When the buzz of expectancy had risen to fever heat, T’ai Tsung rose proudly from his throne. The haughty eagle of the North was in the grip of some strong emotion, yet no one could detect a tremor in the cold, even voice.

“Hear me, ye nobles of an ancient race. Our task is ended. All Chung Kuo lies prostrate under our conquering tread. We are the Lords of the World, and what we have conquered, we shall hold. The race of T’ai Tsung shall rule forever from the frozen ocean to the heated waters of the south.”

The fierce Manchus clashed their weapons and shouted approbation.

“Today,” he continued, a great exaltation transfiguring the strained features, “I have received news of the happiest augury.”

All eyes turned curiously, wonderingly to the bowed figure of the Ming.

“And now this priest, this servant of the Mings, shall receive his reward for the great service he has done me. Let it not be said that T’ai Tsung does not show liberality.

“O priest of the Mings, here are caskets of jewels, of golden coins and ornaments. These are yours for your tale. Take them!”

The shrunken face lit up with a covetous leer as it beheld the great treasure. “Lord of Lords,” he cackled, “for your munificence to this poor unworthy creature your name shall resound through the ages.” A murmur passed through the assemblage. Glorious indeed must have been the news borne by the ancient to have merited such largess!

The Emperor gazed at the old man strangely. “You have your reward. You have well earned it. And now,” a peculiar note crept into the passionless tones, “lest you disclose the secret you have unfolded to me, you must—die!”

As the fatal words penetrated the old man’s consciousness, the smirk of satisfied greed gave way to deathly terror. “Mercy!” he gasped.

At an imperceptible gesture from the Emperor, one of the giant slaves stepped forward. The huge sword curved flashing through the air. The skull-like head bounded across the hall; the shrunken bloodless body collapsed gently into a shapeless mass.

The Manchu nobles murmured audible delight. They could not grasp the full purport of the drama, but the sight of an enemy’s discomfiture was pleasing to robust tastes.

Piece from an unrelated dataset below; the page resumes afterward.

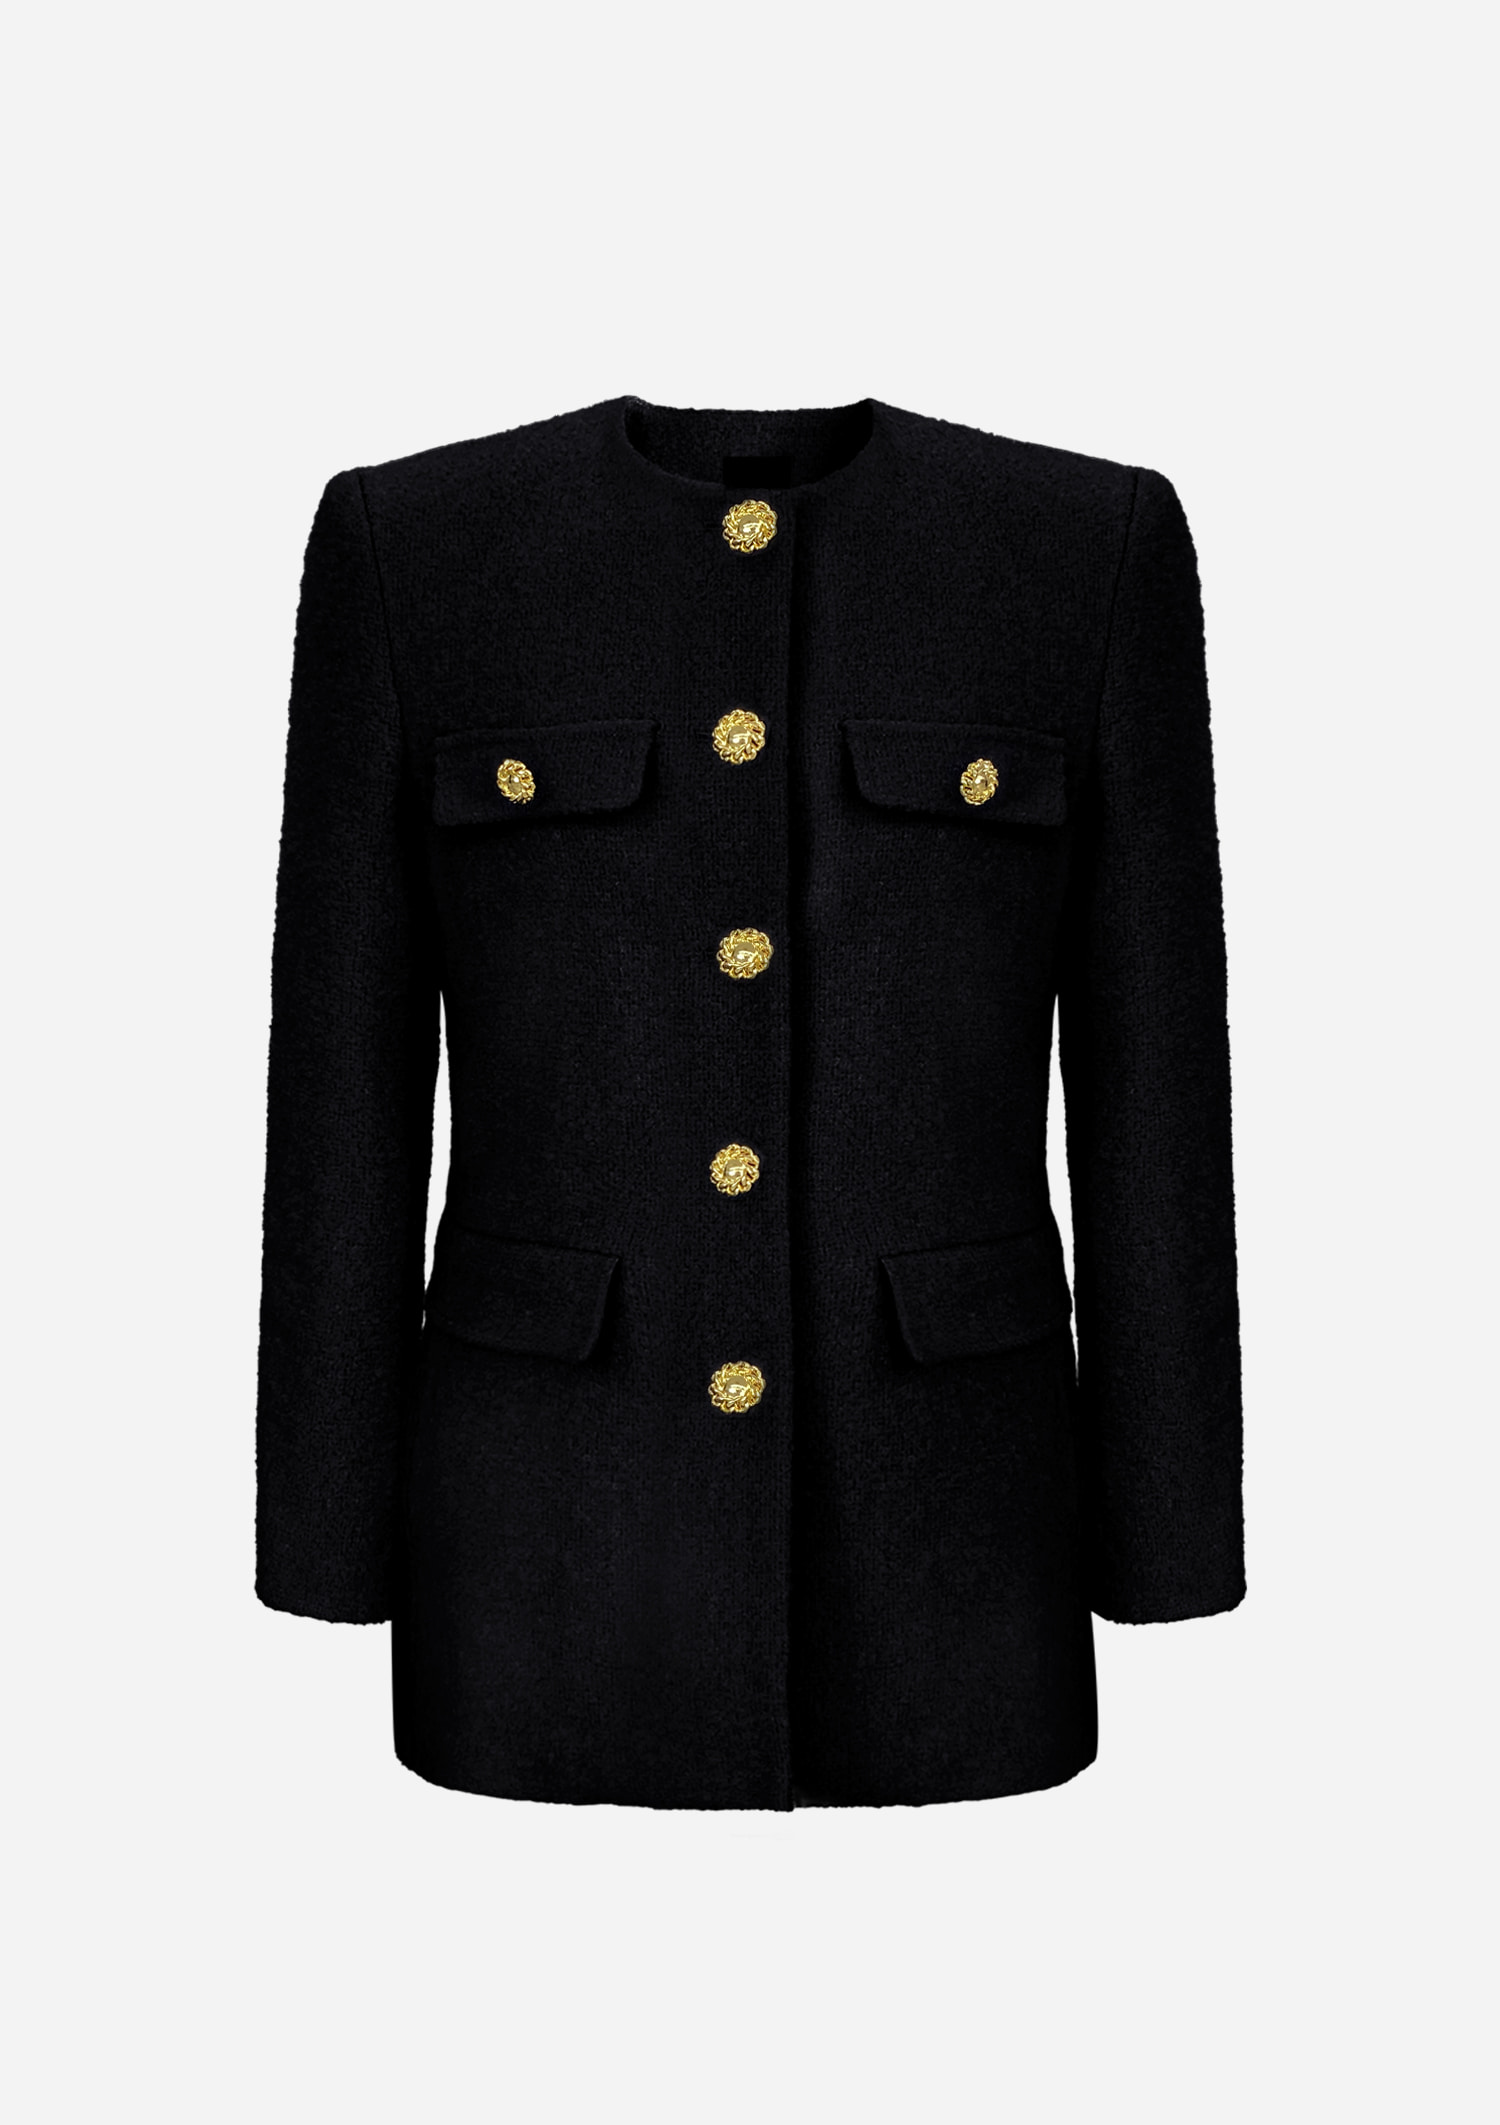 bouclé bold button black jacket

Once more T’ai Tsung spoke. “Manchus!” his great voice vibrated. “Behold my son, Shun Chih!” He raised the little boy high in his arms. “Do you swear to hold him as your ruler, and his son after him, on my death?”

Instantly the great enclosure was filled with leaping swords, while a thousand lusty voices swelled the great shout. “We do, we do. Long live T’ai Tsung, and Shun Chih, after him!”

The Emperor waited for the clamor to subside, his hawk face cold and impassive as ever. His thoughts were his own.

“You have sworn. On my death, Shun Chih is to be Emperor of Chung Kuo, and I, T’ai Tsung, shall sire a mighty dynasty. So is it written.” A moment’s silence. The fierce face of the Khan was convulsed with some inward strife. He hesitated. The nobles leaned forward. They sensed impending drama. They saw their Lord gather himself together with a mighty effort. Turning to the child, he thrust out his hand dramatically. “Behold, O nobles of the Chin Tatars, your Emperor. Protect and follow him! The prophecy is fulfilled!”

What happened then occurred with such lightning rapidity that no two of the startled onlookers could ever afterward agree on the details.

A sword flashed out of nowhere into T’ai Tsung’s hand. Before anyone could stop him, it had sunk deep into his vitals. As the dark blood welled out, the Emperor sank to the ground, a smile of contentment on his placid face.

Instantly the tent was a turmoil of rushing, shouting men, but above the clamor was heard the thin piercing shriek of the little boy, Shun Chih. “Father! Father!”

A child in arms was Emperor of the Middle Kingdom!

Long years afterward, Mangu, old and bent and hoar, General of Ten Thousand, told his son the story as he reverently placed the soft green Jade in his hand. “Ah, that was a man—our Emperor. There is not his like on earth today.” And he sighed wistfully.